Cons: explicit drug use (marijuana)

The Bottom Line: This movie is a great example of ensemble casting. This movie is about the story. It relies on the ability of the cast members to produce a stunning show.

This movie is a GREAT movie for teens today. I teach high school and I show this to all my classes every year and have them write a paragraph on who changes the most.

I went to high school in the 70's and there were similar "groups." There were the kickers, the jocks, the heads, the brains, the drama weirdos...

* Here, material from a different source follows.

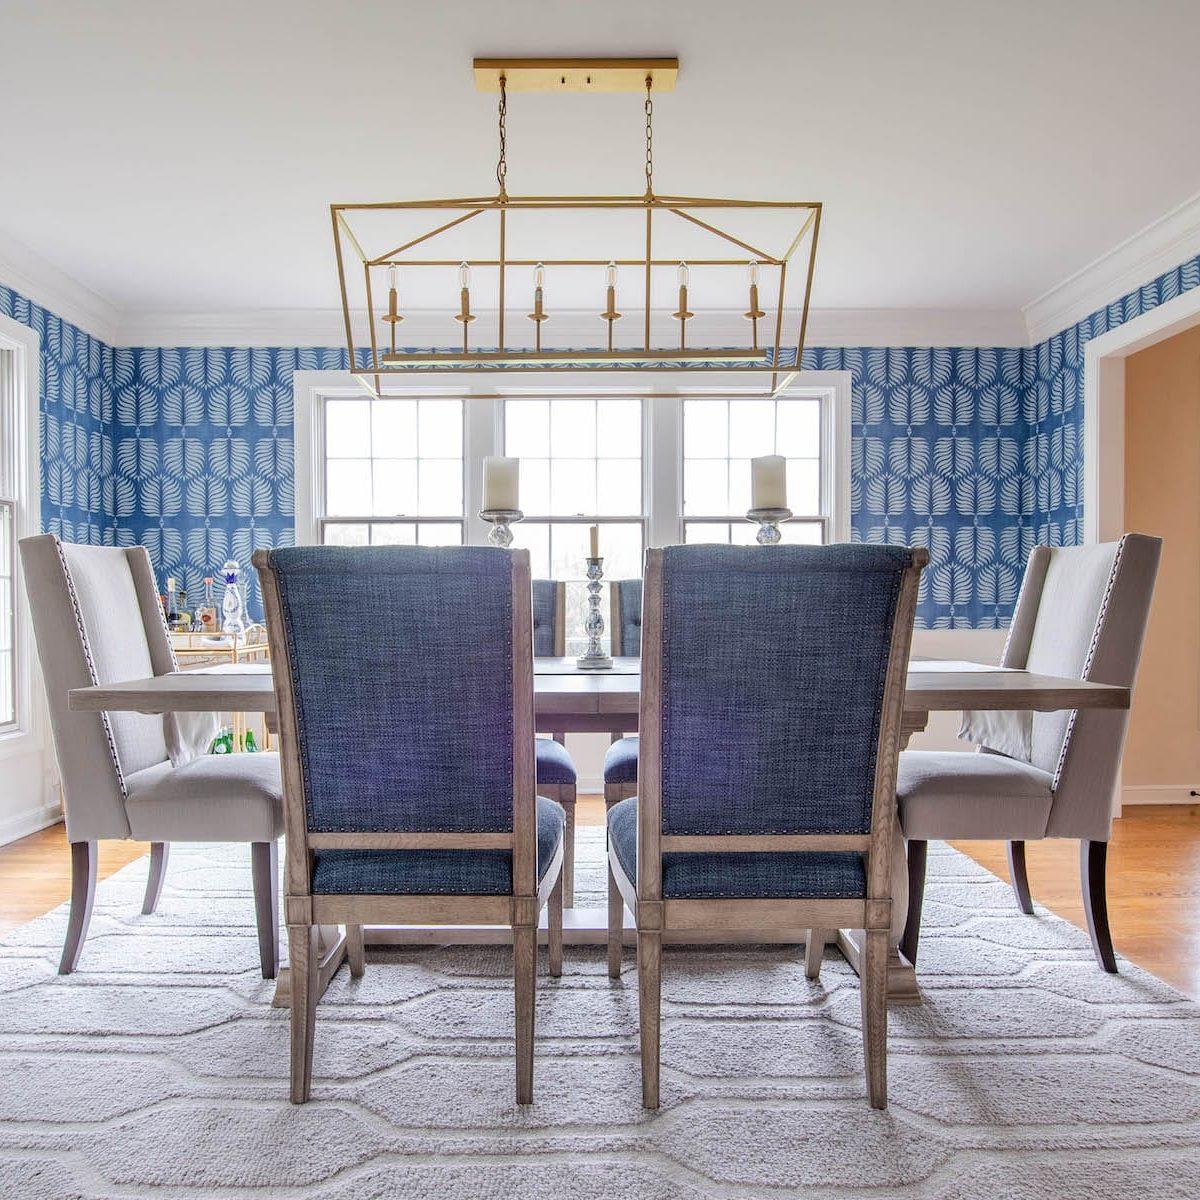 Chagrin Falls, Ohio Interior Design, Dining 4, Ingrid Porter Interiors, The Indigo Project

I personally fit into several of those categories at different times. Many of us do. Although The Breakfast Club takes place in the 80's so many of the issues still confront teens today. The kids all want so much to be liked and all seem to do things they don't want to because of what their friends think. There are kids like Bender who are abused at home and have reputations for being "bad." There were in the 70's too. I have sad memories of one such "bad" kid who was in reality so sweet and was being terribly sexually and physically abused at home. The "Basket Case" has been my student for three years now. The parallels are amazing. She also cleans up beautifully--could be a model.

My students always comment on how cute the actors were in the 80's, how young Emilio and Molly look. They also comment that they know people like that and how much the movie seems like a real high school situation.

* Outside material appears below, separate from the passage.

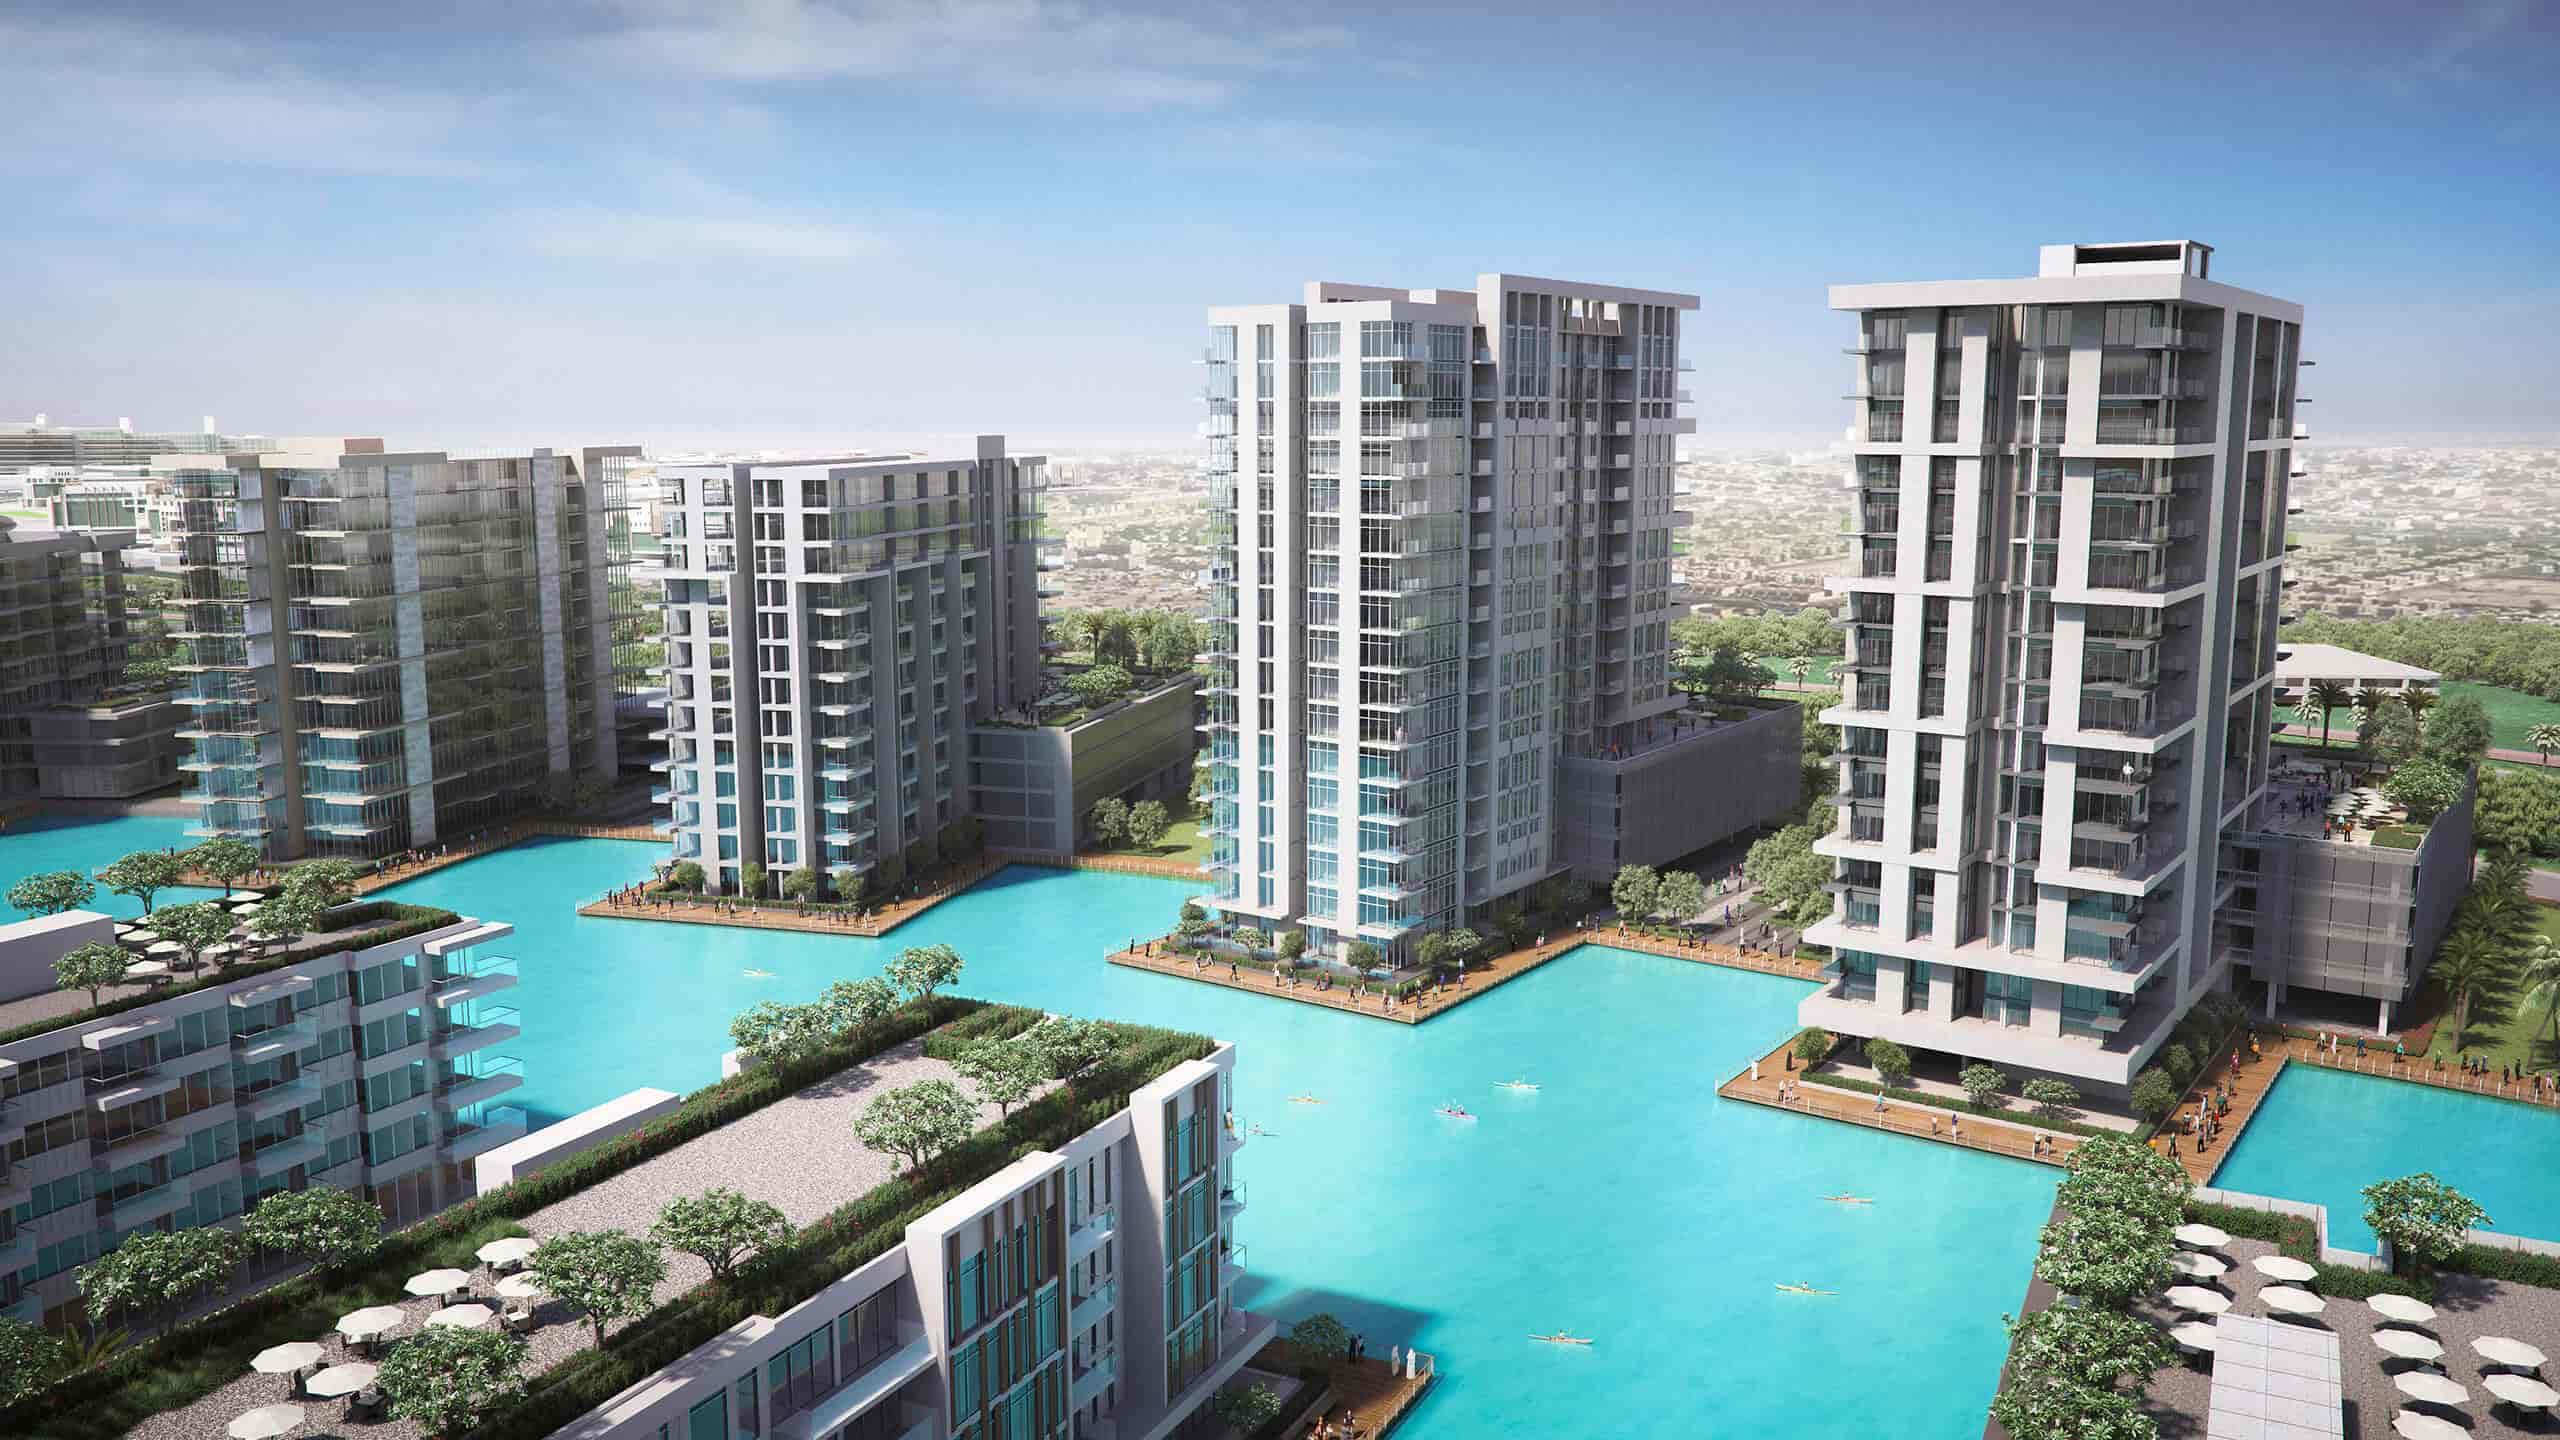 Properties for Sale in Mohammed Bin Rashid Al Maktoum (MBR) City, Dubai

I'm touched by the poignancy of the interpersonal situations. It's so hard for the different groups of students to understand each other and the brilliant crux of this movie is that such different students gain understanding and appreciation of each other.

As a film, I really appreciate a work that spends its budget on the talent and not on special effects. This is such a marvelous ensemble piece. One like this is rarely equaled (in MY humble opinion).

Don't you forget about me.... Fear Not, I carry The Breakfast Club with me always.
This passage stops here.